I’m always relieved when it’s done, but it’s never easy because all mamas grieve. So last night, as I lay in bed with the window open, I could hear the ewe crying for her lambs. I closed the window. I could still hear her plaintive plea, and I could hear the voice that was screaming in my head for days and weeks after Jessie died: “THEY’VE TAKEN MY BABY! OH MY GOD, THEY’VE TAKEN MY BABY!” Why did I hear those words? Jess was 25, not a baby, and she died because of a drug taken when she unknowingly had pneumonia. No one stole her from me, and yet, my gut was frantically searching for my stolen child. Was I reliving something that happened in a previous life? Very possibly. Nonetheless, as I listened to the ewe’s cries, which continue today, I hold the guilt of knowing I took her babies away from her. It is because of me that they are gone. And that, along with Jessica’s birthday today is painfully wrenching my heart.

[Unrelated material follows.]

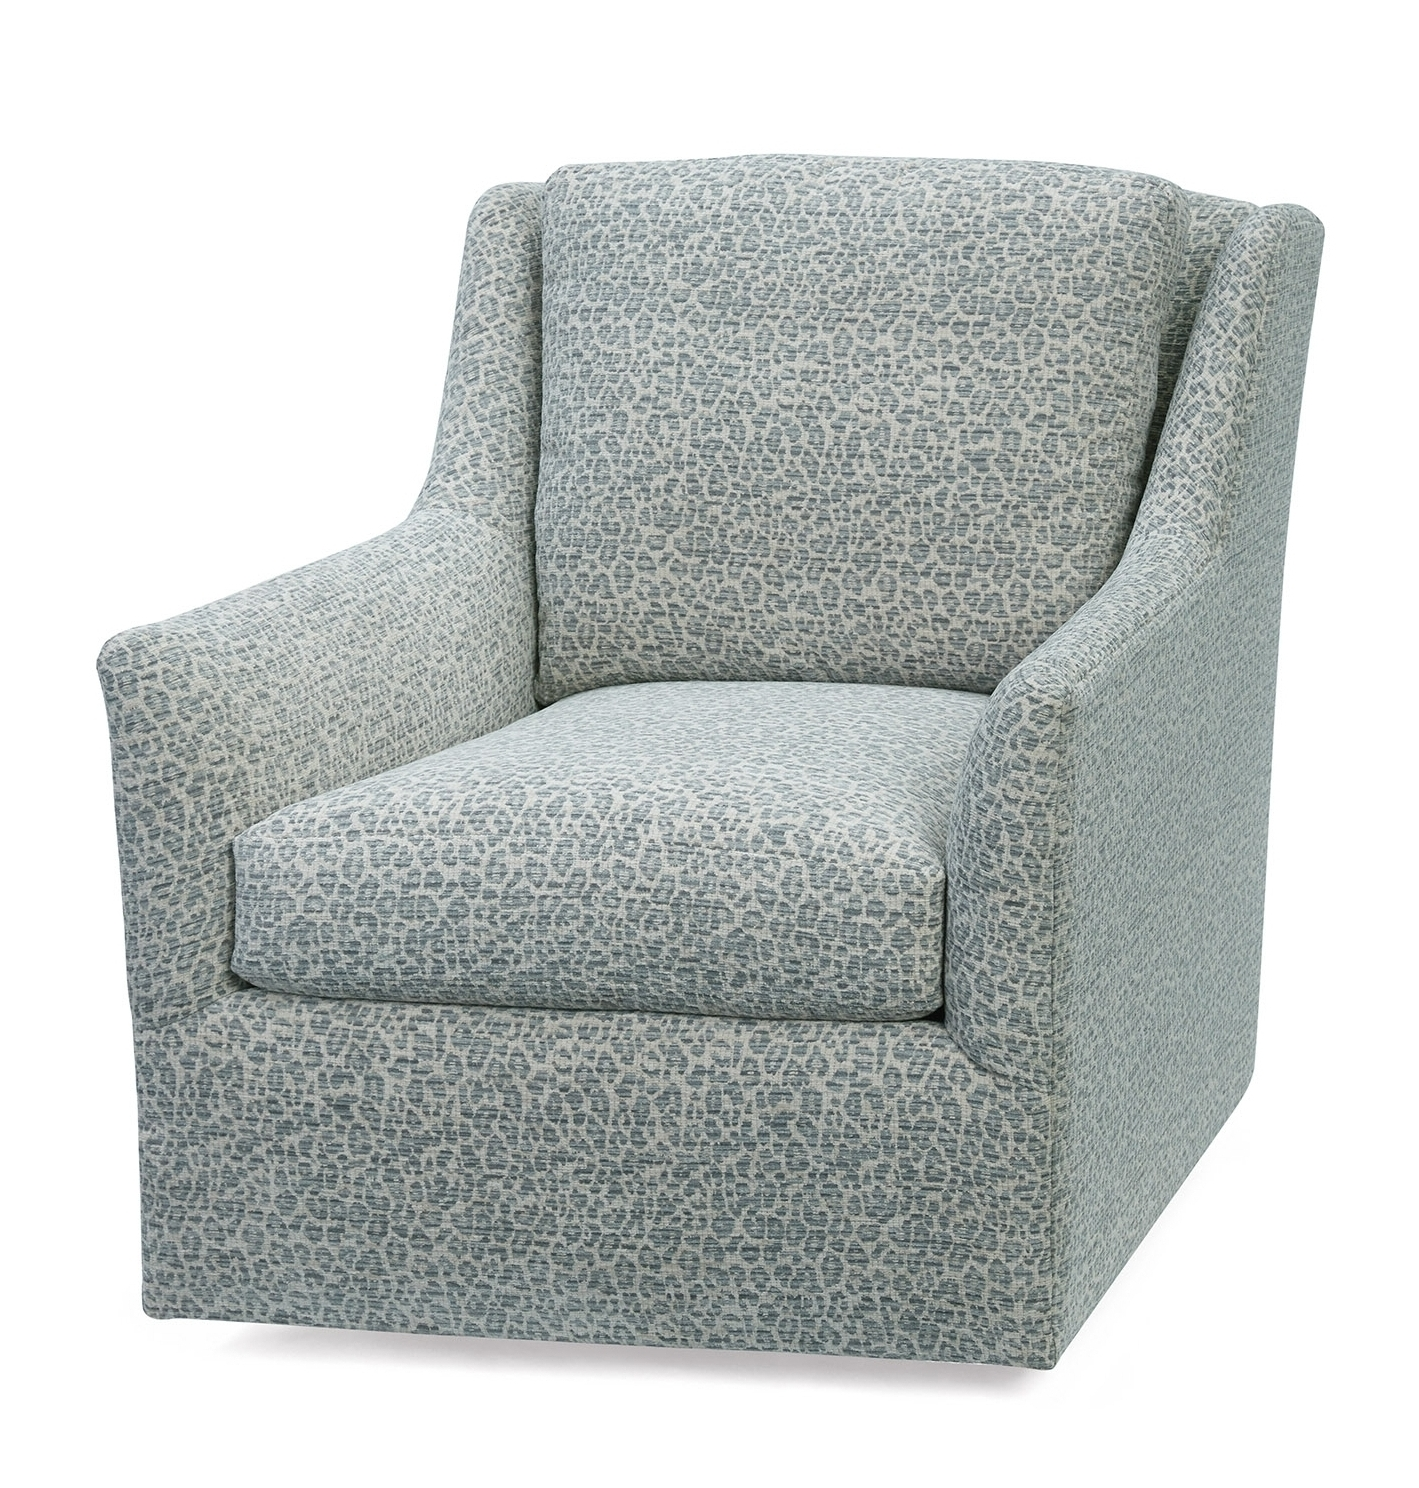 Chairs & Ottomans Massoud Furniture

So, last night, unable to sleep, I went to read in the den where our new PTSD dog, Honey, a 16-month-old golden lab mix, lay in her bed. I gave her cookies and rubbed the cats who wanted loving, but I kept looking into Honey’s eyes. She’s not had an easy life so far. She lived on a farm with 50 other rescued dogs and farm animals. She’s definitely not an alpha, so when the farm owner got sick and she and the other animals were turned over to a rescue agency, she was half starved and the mother of 11 growing, healthy pups. She was only a year herself, way too young for a litter that big without special caretaking. So, she is a bit of a wreck but healing a little each day. She’s a remarkably emotive creature as her face shows when she’s scared, happy, “laughing” at us, or sad. And, last night, she looked sad. I realized she probably missed her beta pals from the farm. She must have been part of a sub-pack of more mellow dogs. But then I realized her other loss. “Do you miss your pups, Honey?” As I said “pups,” her ears shot up, and she looked at me wide-eyed. Bingo. While I’m sure 11 demanding pups were a pain in the belly, I’m also quite certain that being abruptly separated from them only added to her trauma. Yes, she is another mama who grieves.
If you love, you, ultimately, must welcome pain and loss as your companion. So many of my friends and family have experienced deep, abiding losses, and we all know that the experience changes you forever. But, thankfully, today I can be grateful for the years I had with my daughter, even those years of rebellion, wildcat behavior, and drug addiction. “It’s better to have loved and lost than never to have loved at all” is easy to say when you aren’t writhing in the agony of having your soul ripped asunder. But now, the high pitch of pain has softened enough that I can be grateful. The shadow part of me that forever grieves walks alongside my reborn clone who smiles and whispers her thanks for all the beauty in the world. Hopefully, someday the two mes will merge and burn brightly together as a single flame. We’ll continue the journey together, hand in hand, until we meet all those we have lost along the way. And, Jess, after we hug and cry, you’ll have some ‘splaining to do! Until then, rest in the Light, my love.